Even then, IIRC CC0 is not that easy to apply to code (even CC do not recommend it for that: https://creativecommons.org/faq/#can-i-apply-a-creative-comm... ), WTFPL is entirely untested (even more so than GPL/MIT which are also not entirely tested in courts) and some regions do not recognize public domain. For example sqlite sells a license for what is public domain code partially for the reason of "You are using SQLite in a jurisdiction that does not recognize the public domain" and "You are using SQLite in a jurisdiction that does not recognize the right of authors to dedicate their work to the public domain".
Also, when it comes to code dedicated to public domain it is good to consider what wikipedia says about implied warranty: "The licensing process also allows authors, particularly software authors, the opportunity to explicitly deny any implied warranty that might give someone a basis for legal action against them." It is always good to include a clause saying that there is no warranty, implied or otherwise (unless of course you provide a warranty, which you probably should not do without restrictions on OSS code).
CC0 and WTFPL are also copyright licenses. Works available under these licenses can be used with very few restrictions (basically, as few as permitted by law), but the works are still copyrighted.
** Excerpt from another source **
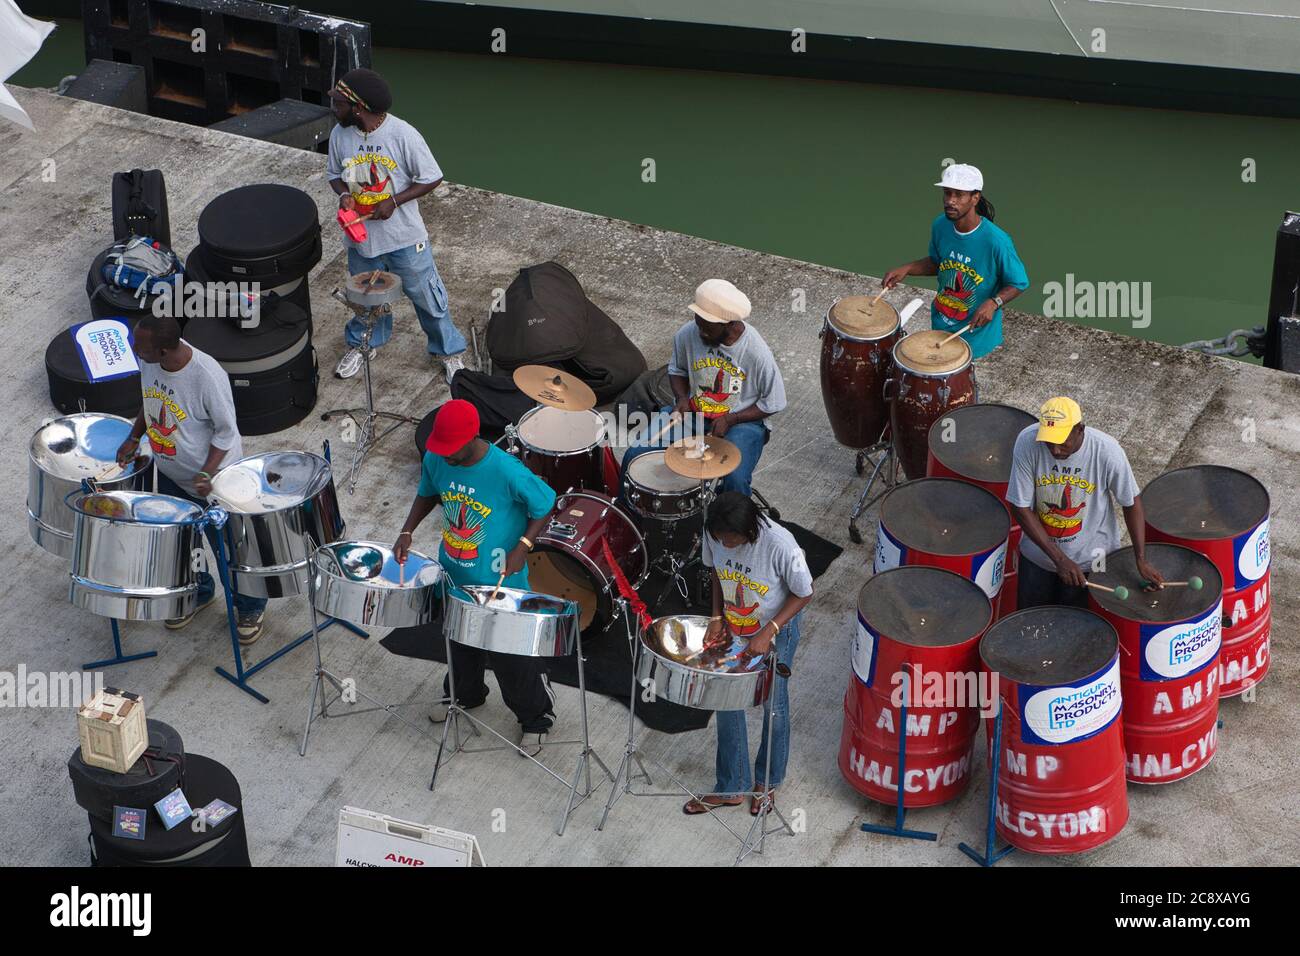 Una band d'acciaio suona sulla banchina per i passeggeri che visitano le navi da crociera a St Johns, Antigua, Caraibi, Indie Occidentali Foto Stock

It’s simplified, but more or less accurate. CC0 is an attempt at making a public domain deed possible for jurisdictions that do not know public domain deeds like the US does. German Urheberrecht is not entirely like US copyright, some rights of the author are impossible to waive. So CC0 has a fallback for those jurisdictions, it grants a license to the fullest extend possible under the law. https://creativecommons.org/publicdomain/zero/1.0/legalcode
"Unlike the Public Domain Mark, CC0 should not be used to mark works already free of known copyright and database restrictions and in the public domain throughout the world. However, it can be used to waive copyright and database rights to the extent you may have these rights in your work under the laws of at least one jurisdiction, even if your work is free of restrictions in others. Doing so clarifies the status of your work unambiguously worldwide and facilitates reuse."
As I understand it, you can't just waive copyright on your own work - copyright is something you get automatically in most jurisdictions on the planet. Licenses like CC0 and WTFPL are operating within the copyright regime - they use the laws to make your work behave as if it was not subject to copyright - but they can't actually make your work not copyrighted.
It's like a difference between simulation and reality. CC0, WTFPL, etc. are simulating a copyright-free reality on top of the copyright system. No matter how close to perfect they get, it's still a simulation, and copyright is the underlying runtime.
It depends on jurisdiction. Some places (I think the US is one of these) do allow you to put works in the public domain, and CC0 does that where possible. The “as if” license is a fallback.
Also, when it comes to code dedicated to public domain it is good to consider what wikipedia says about implied warranty: "The licensing process also allows authors, particularly software authors, the opportunity to explicitly deny any implied warranty that might give someone a basis for legal action against them." It is always good to include a clause saying that there is no warranty, implied or otherwise (unless of course you provide a warranty, which you probably should not do without restrictions on OSS code).